Assigned task:
Give back every line of the material exactly. Skip the pictures.

Input data:
---

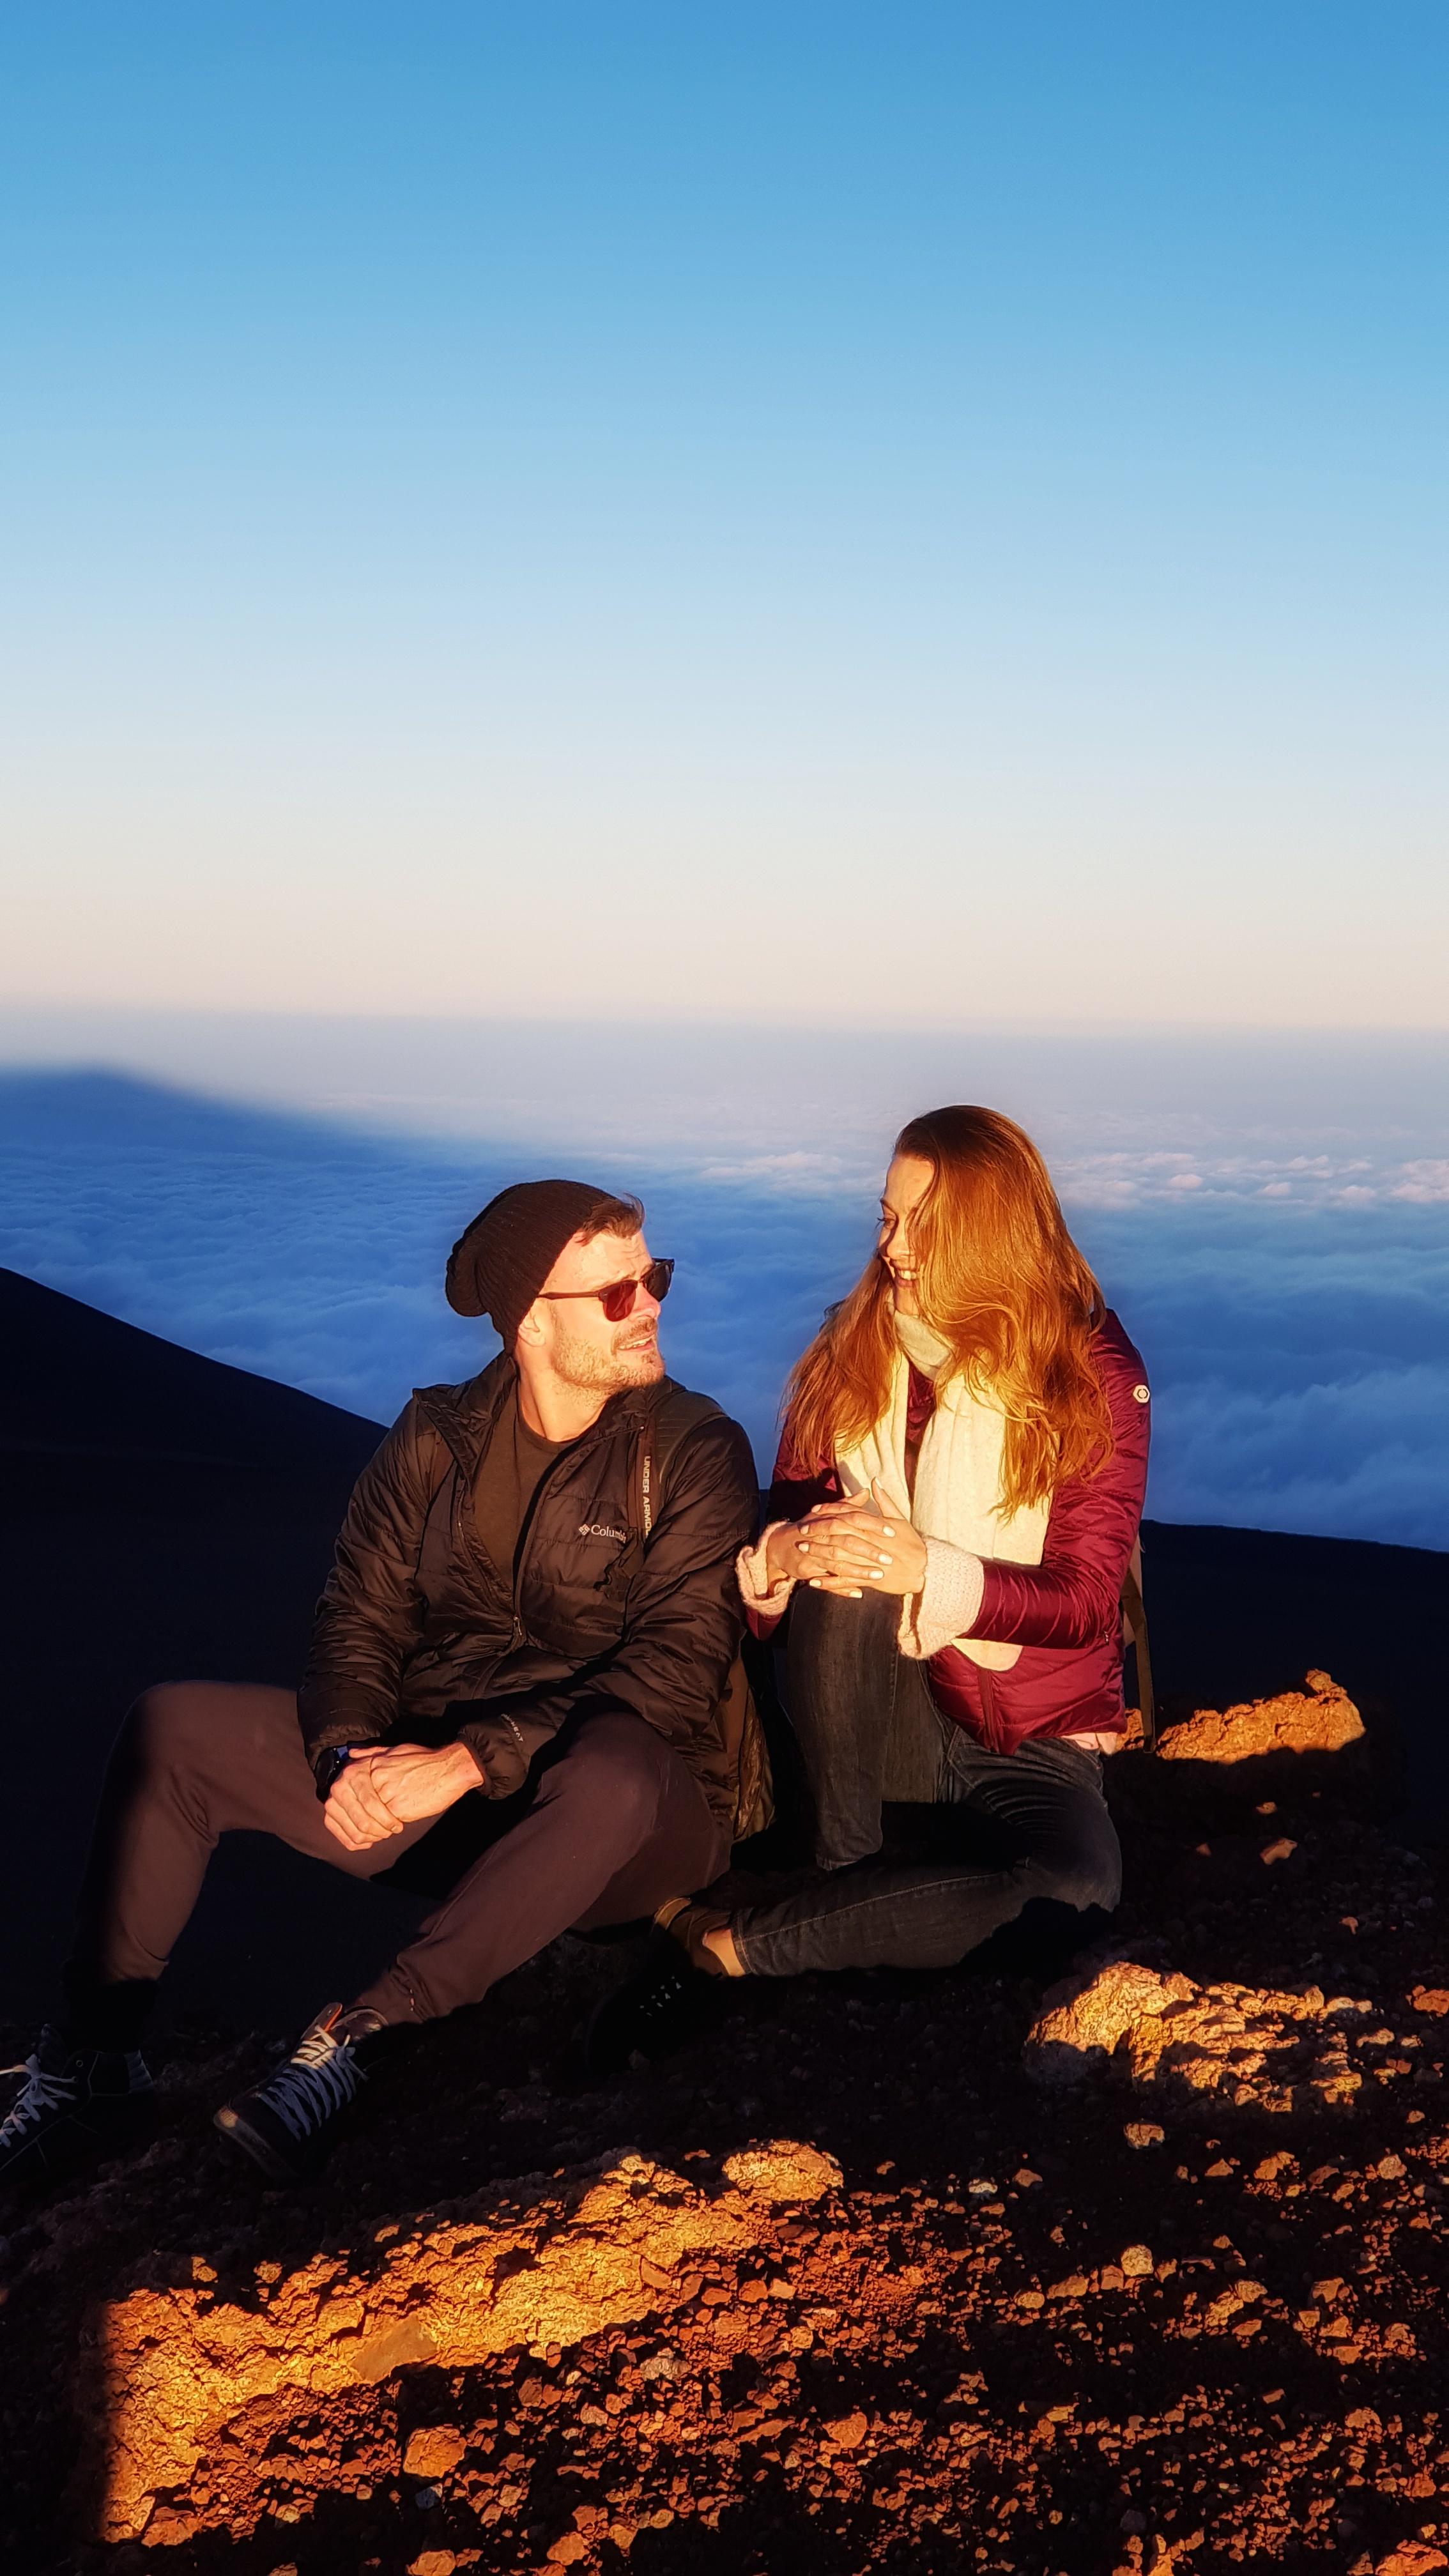 """Iš Havajų sugrįžę M. Rainys ir M. Jašinskytė: """"Kiekvienos atostogos yra tam tikras iššūkis"""""""
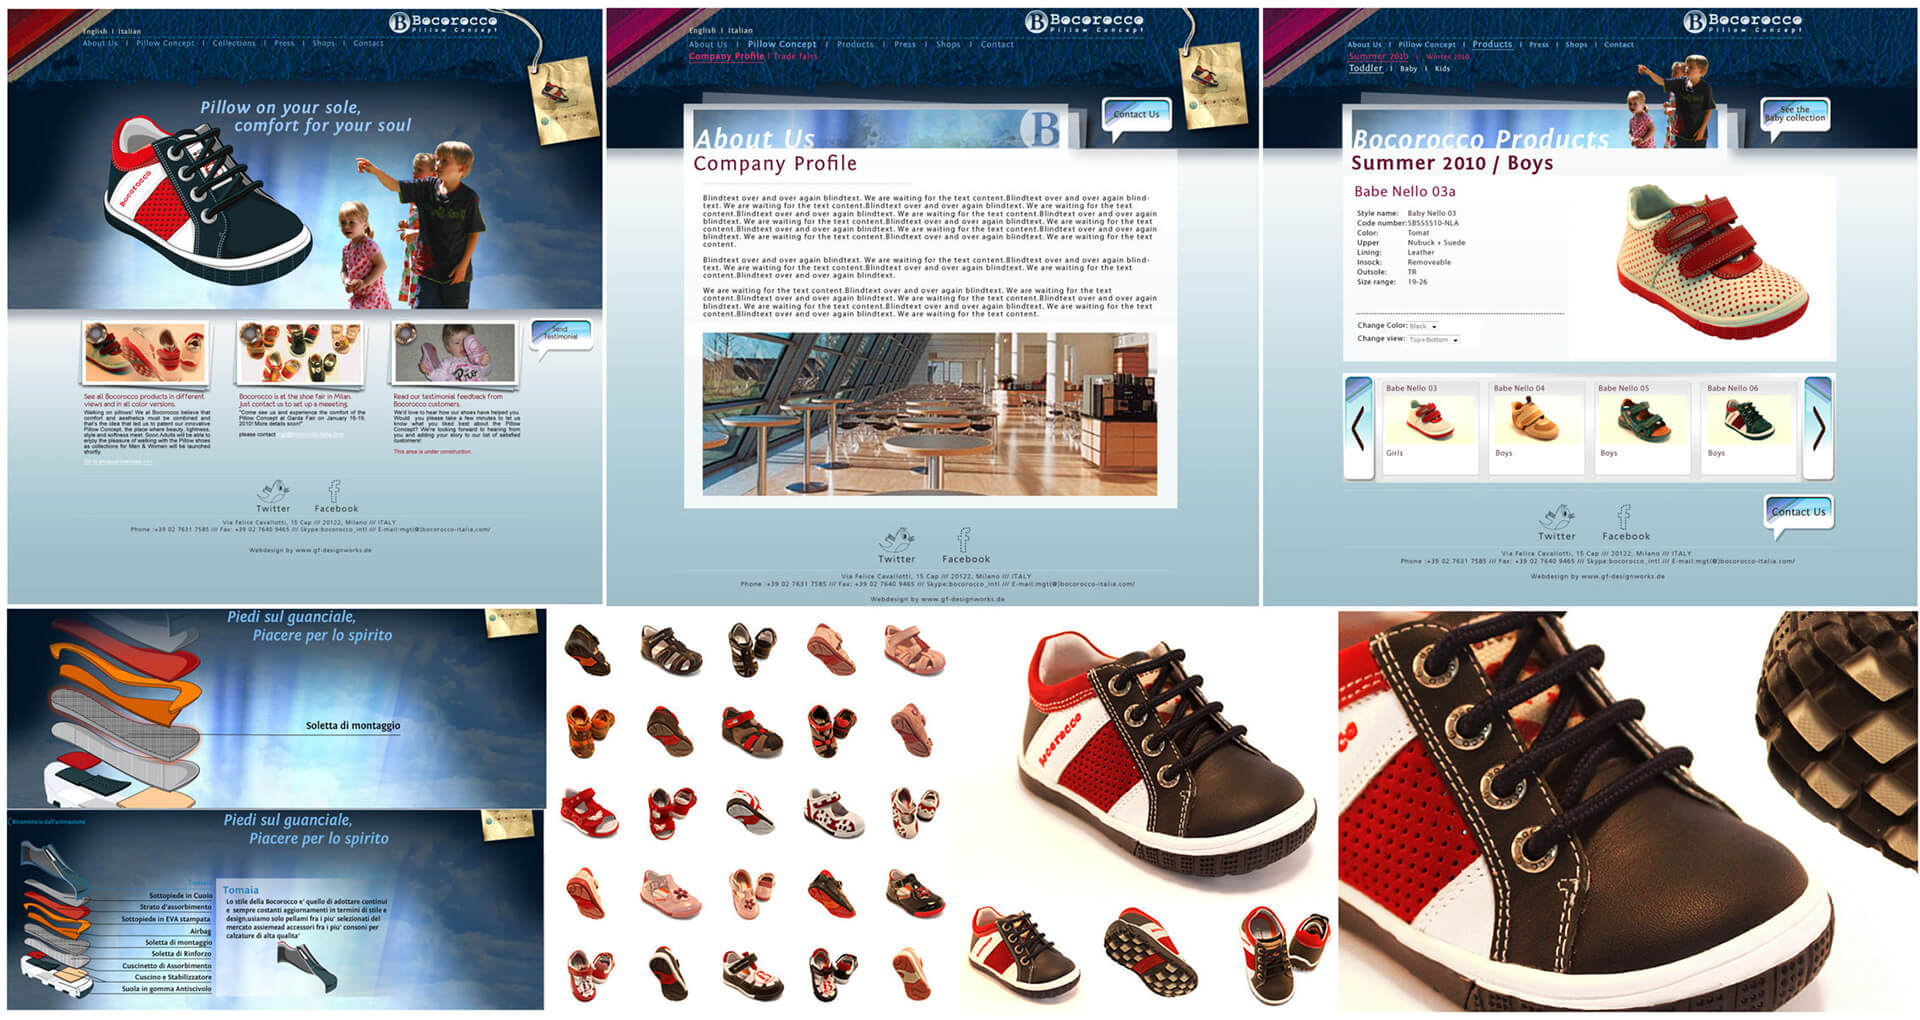 webdesign responsive seo sem online marketing wordpress html5 css newsletter banner 13
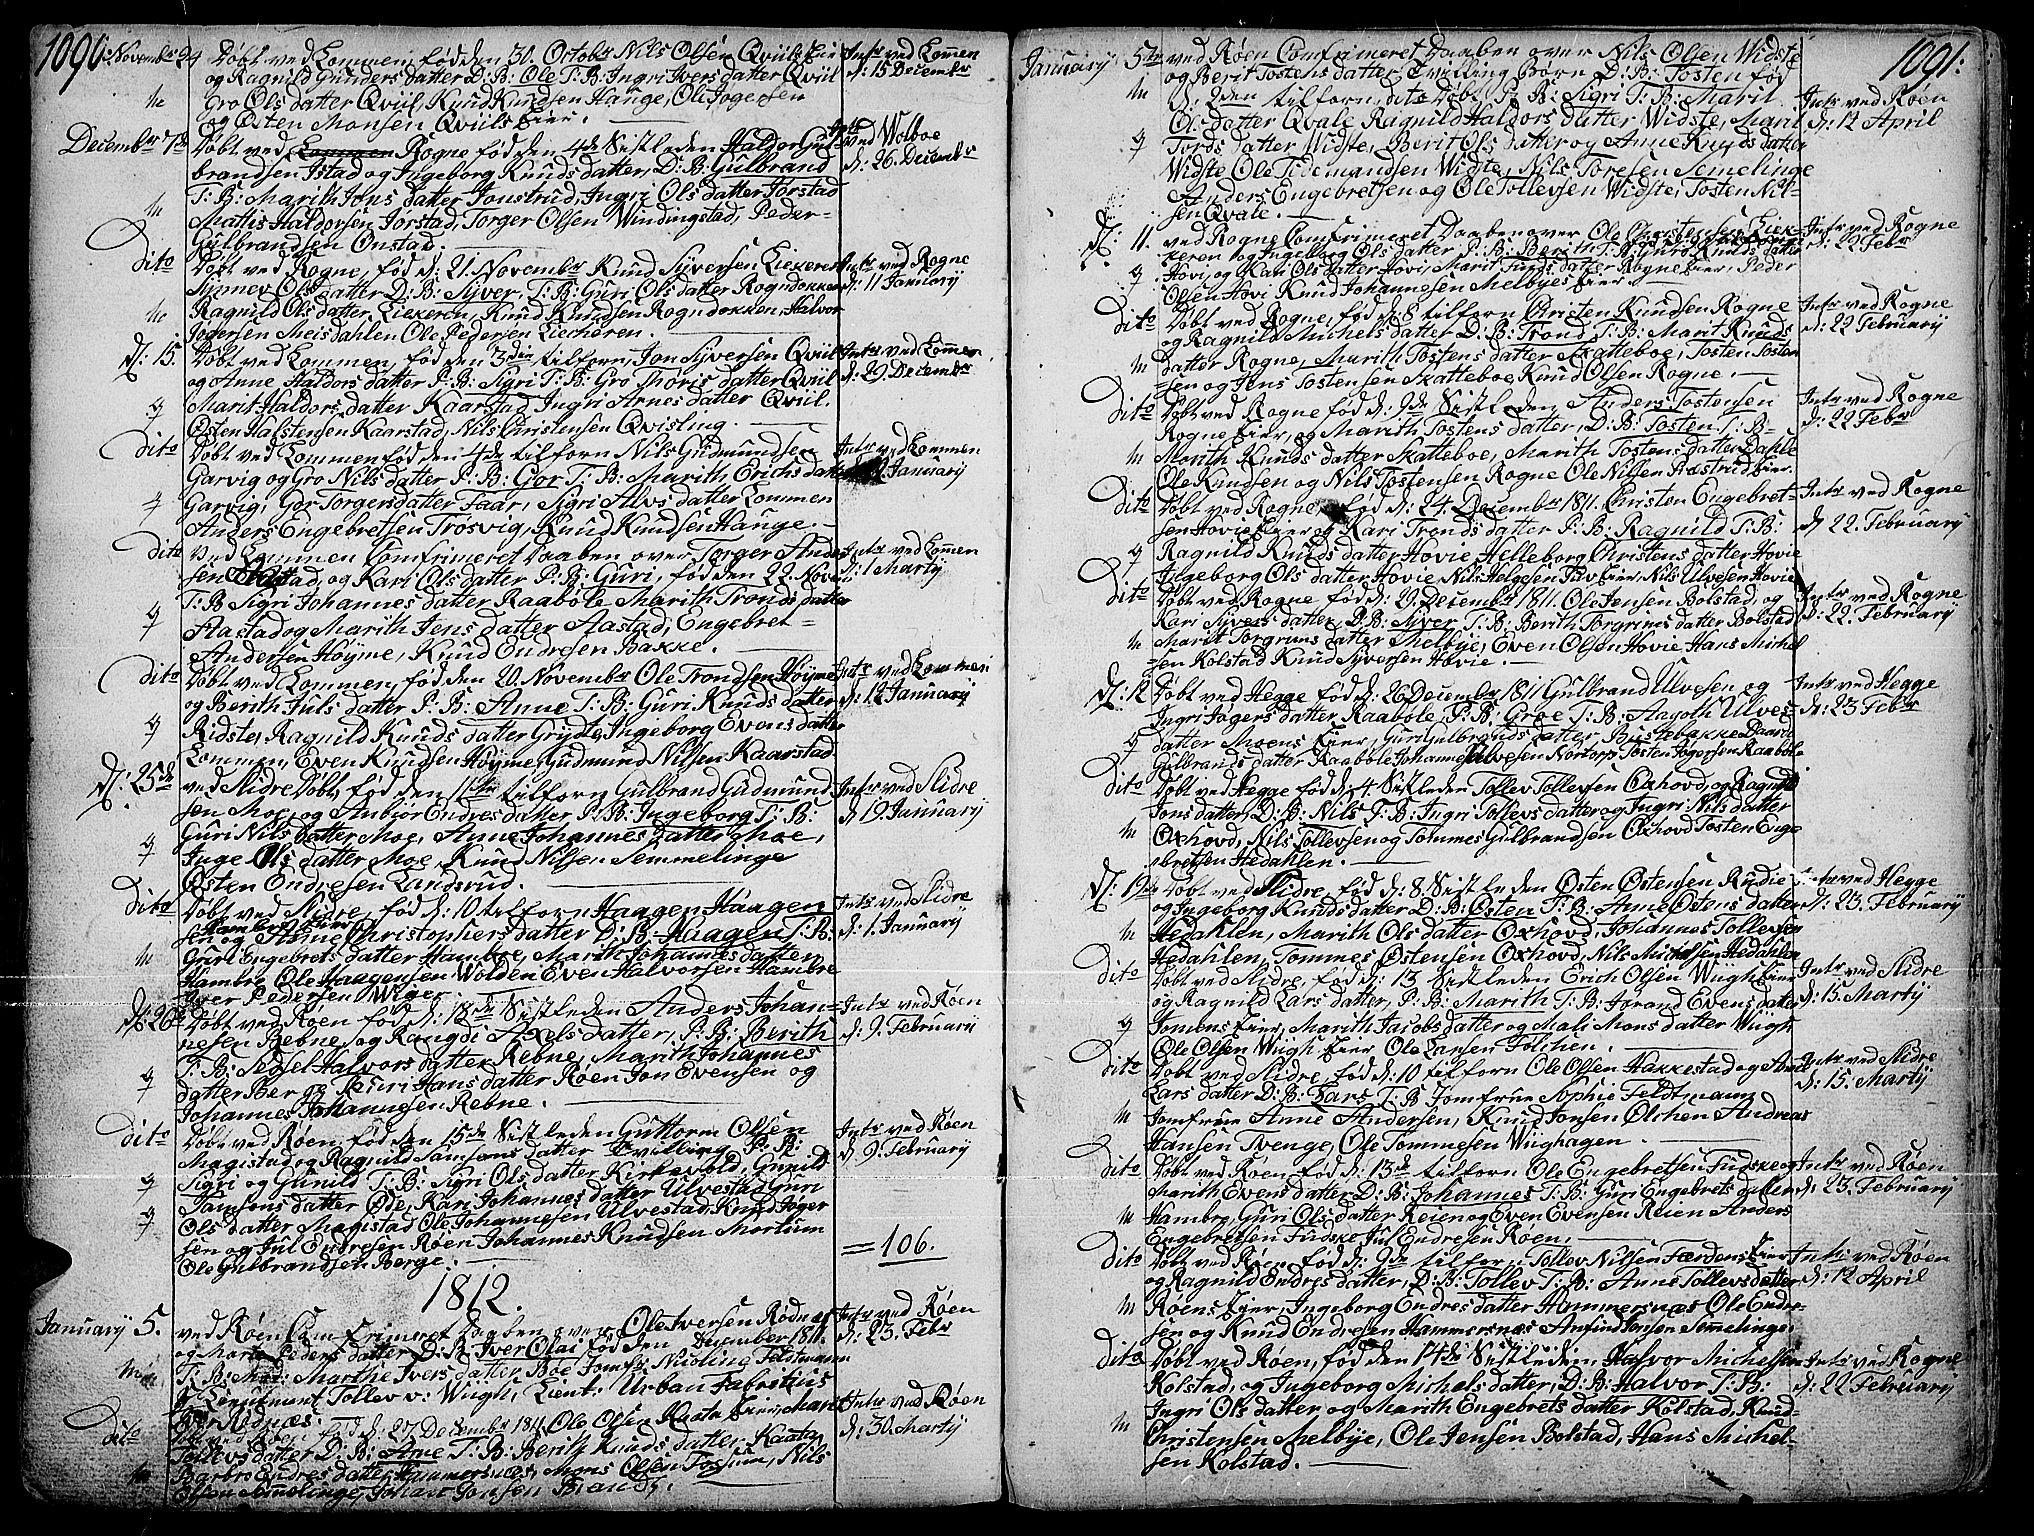 SAH, Slidre prestekontor, Ministerialbok nr. 1, 1724-1814, s. 1090-1091

---

Solution to this task:
 """Iš Havajų sugrįžę M. Rainys ir M. Jašinskytė: """"Kiekvienos atostogos yra tam tikras iššūkis"""""""
 webdesign responsive seo sem online marketing wordpress html5 css newsletter banner 13
 SAH, Slidre prestekontor, Ministerialbok nr. 1, 1724-1814, s. 1090-1091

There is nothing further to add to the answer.